►
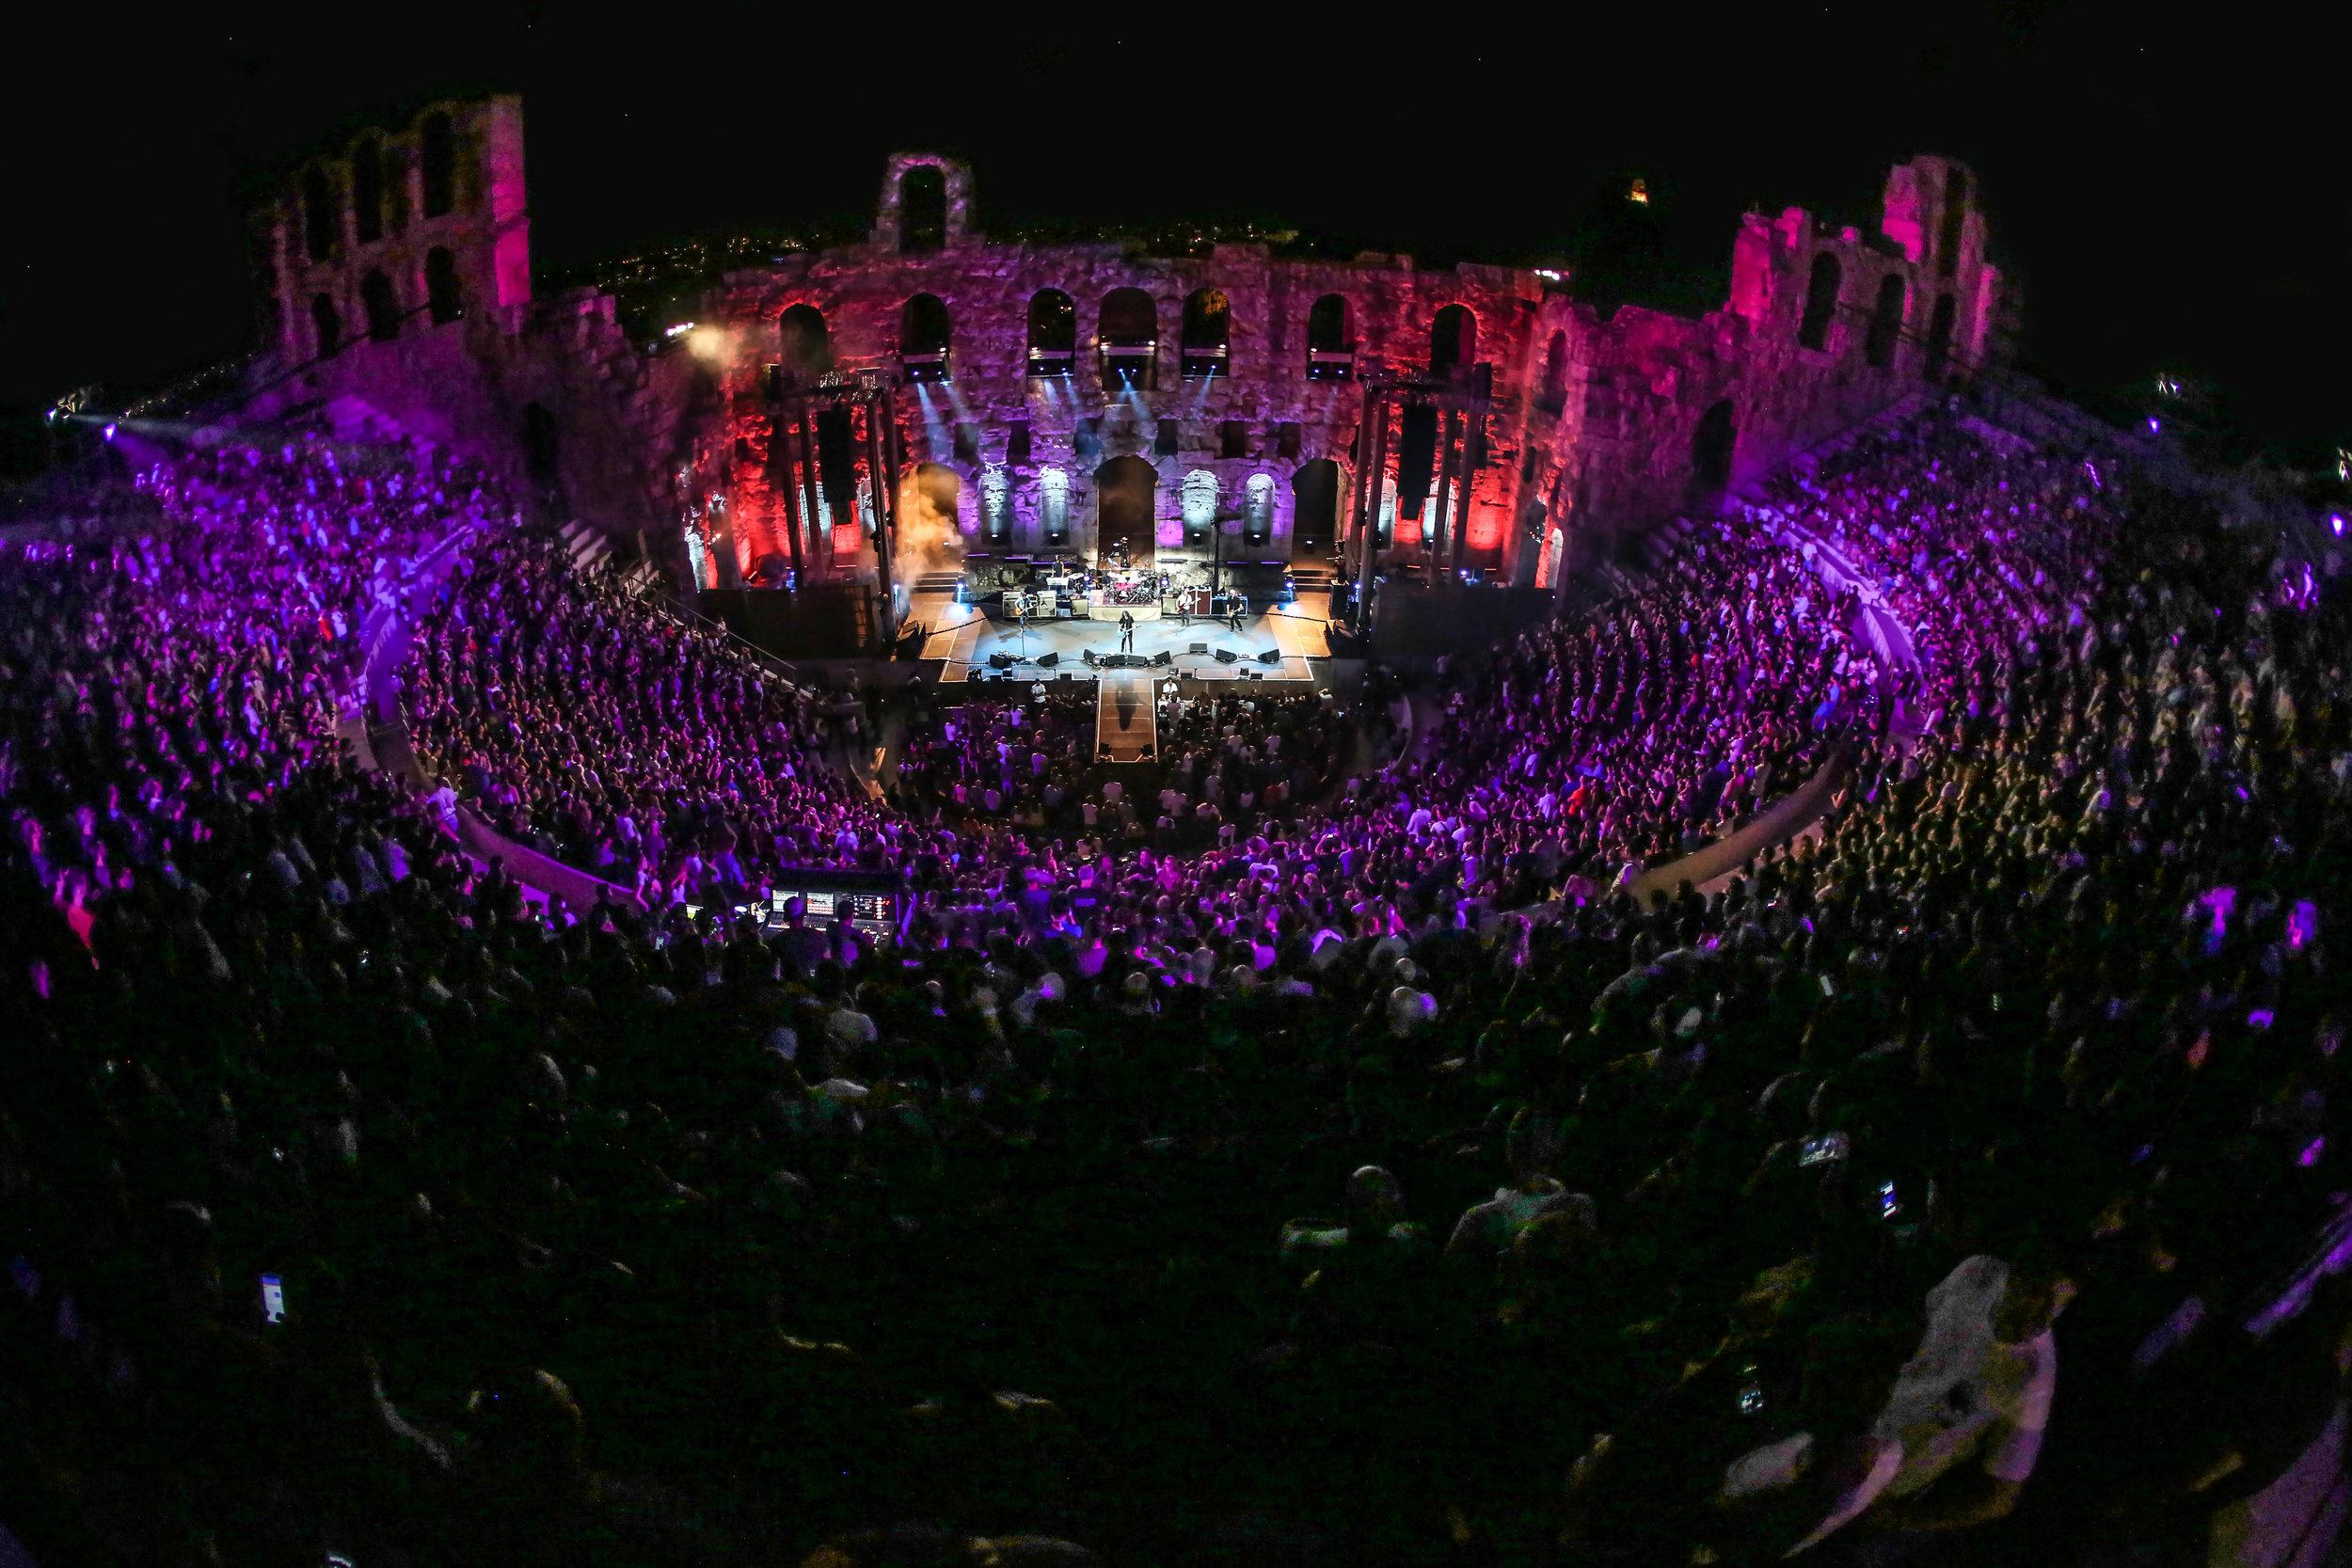 LANDMARKS LIVE_Foo Fighters_Odeon at Acropolis 9N4C5186 by Chris Bradshaw.jpg
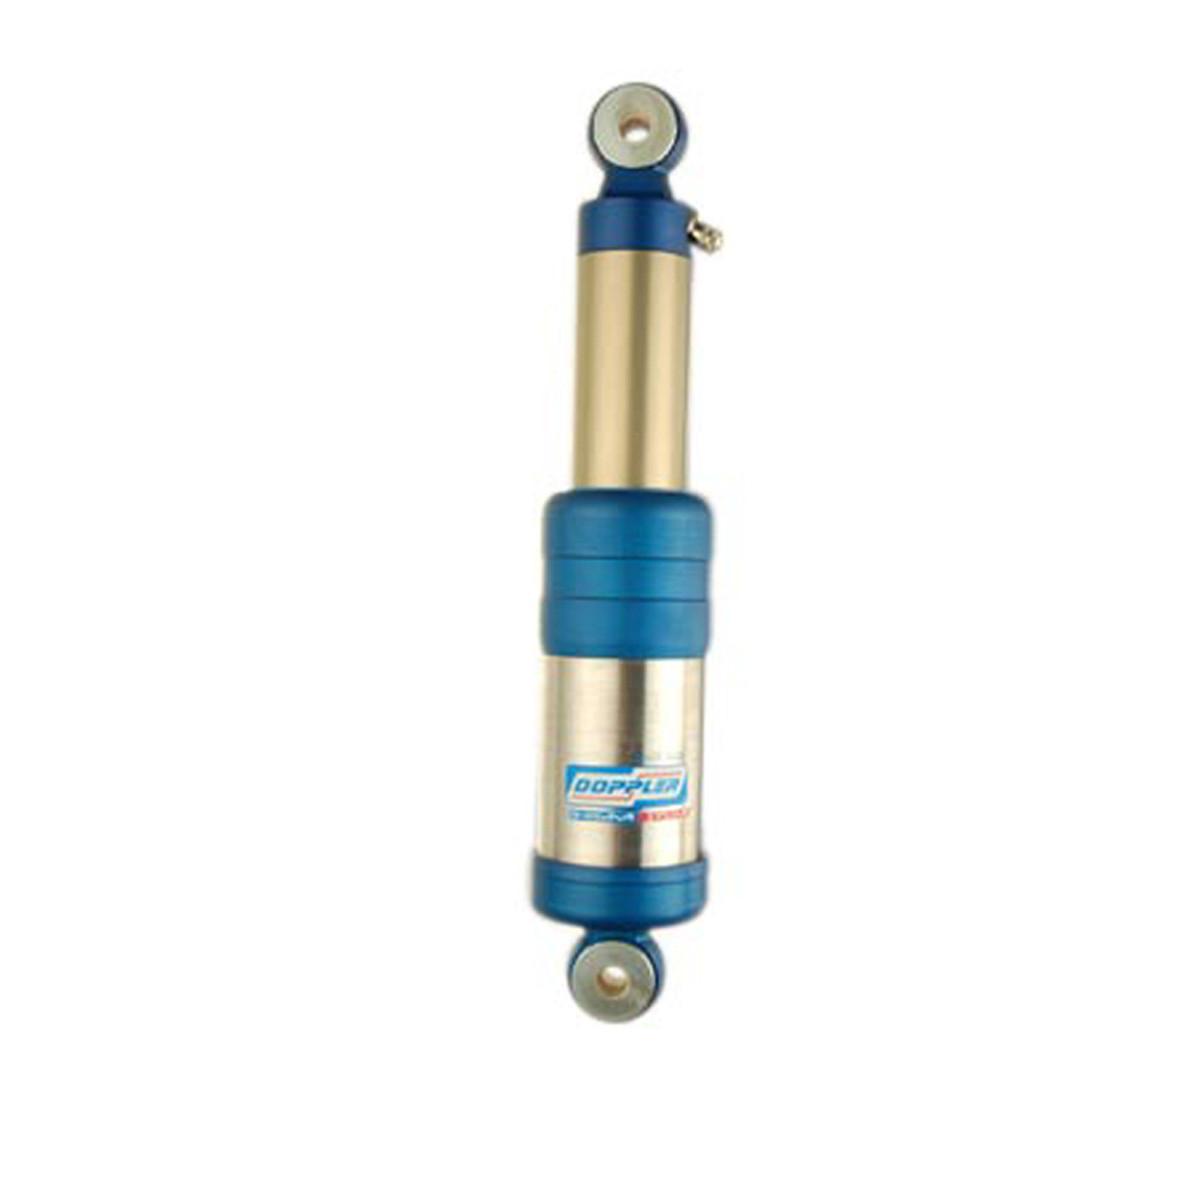 Amortisseur Oléopneumatique PEUGEOT XP6, XP7 285mm - DOPPLER
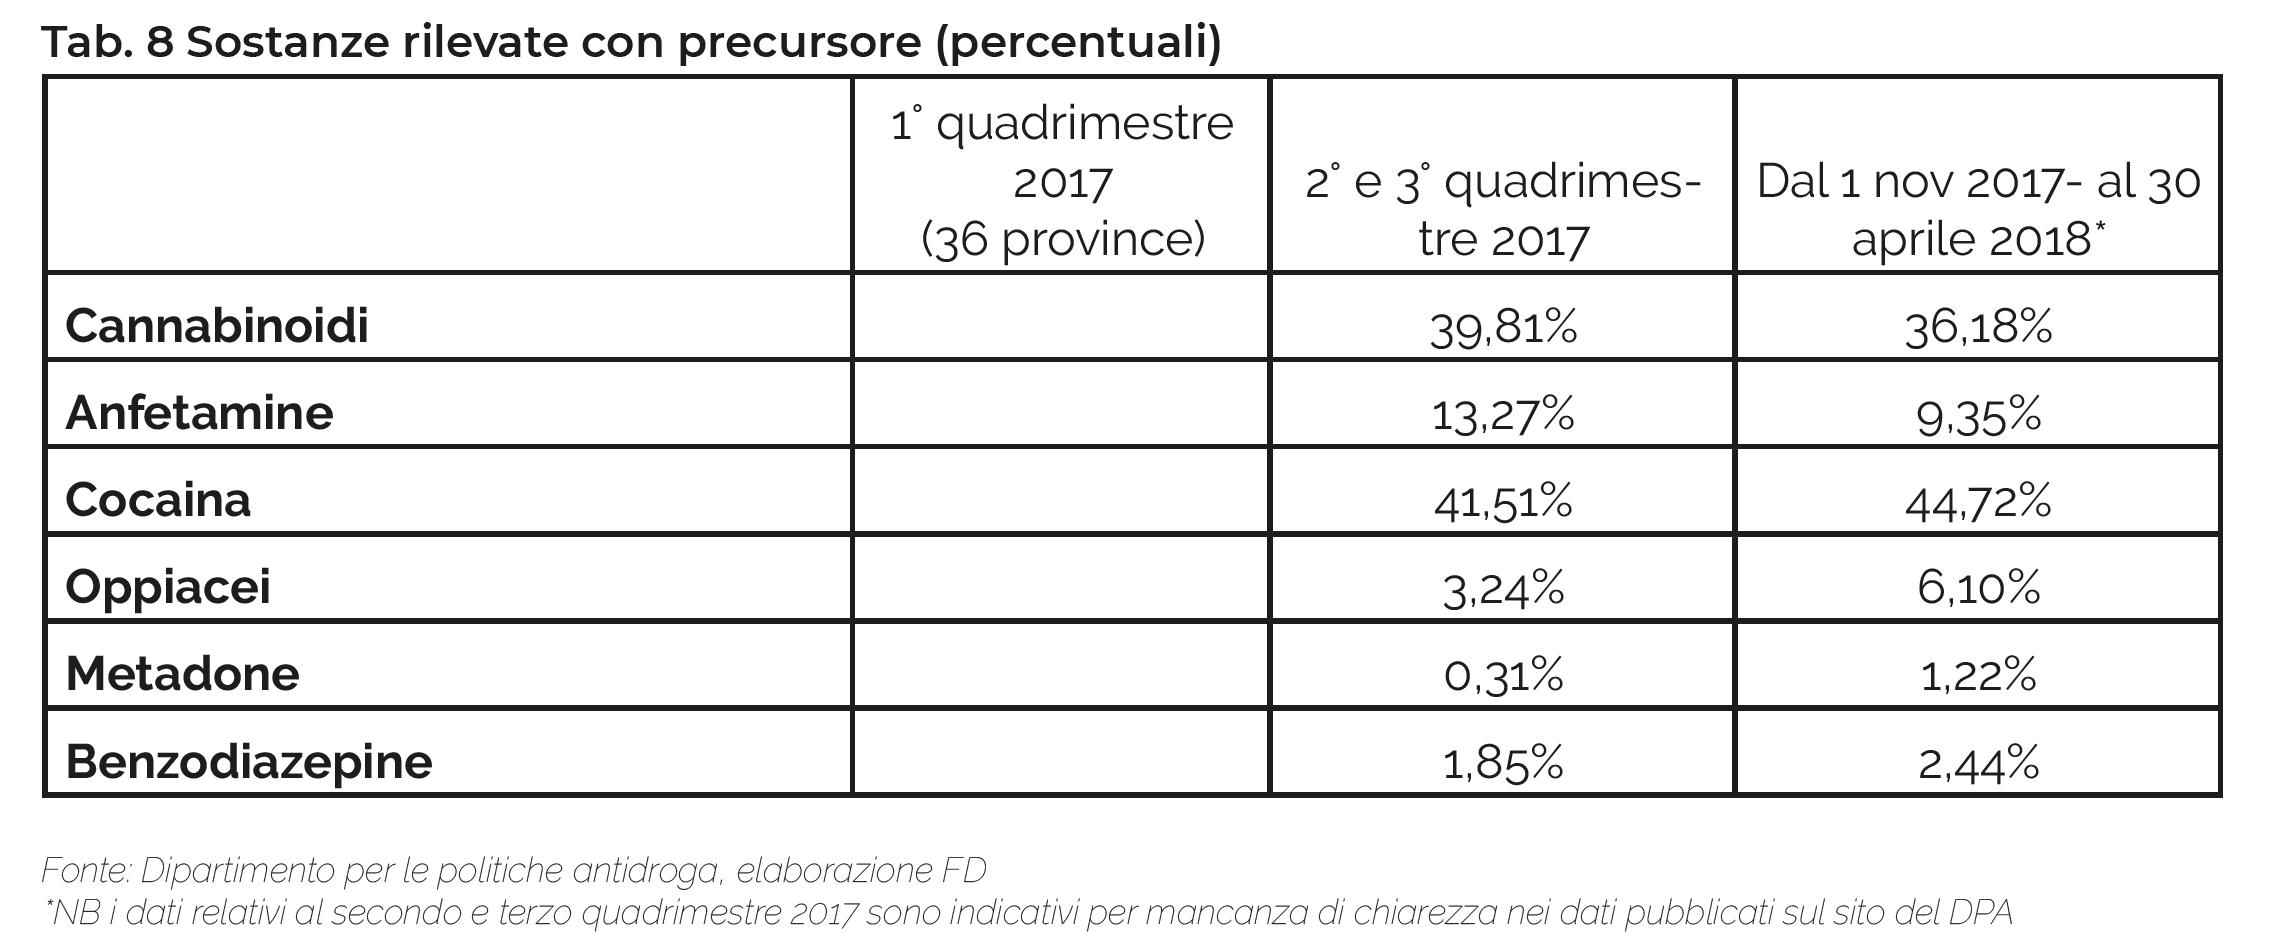 Tab. 8 Sostanze rilevate con precursore (percentuali) 1° quadrimestre 2017
◄
• PROMPT
When copying the listing, skip the pictures and keep each line exactly as written.

• TASK RESPONSE
 LANDMARKS LIVE_Foo Fighters_Odeon at Acropolis 9N4C5186 by Chris Bradshaw.jpg
 Amortisseur Oléopneumatique PEUGEOT XP6, XP7 285mm - DOPPLER
 Tab. 8 Sostanze rilevate con precursore (percentuali) 1° quadrimestre 2017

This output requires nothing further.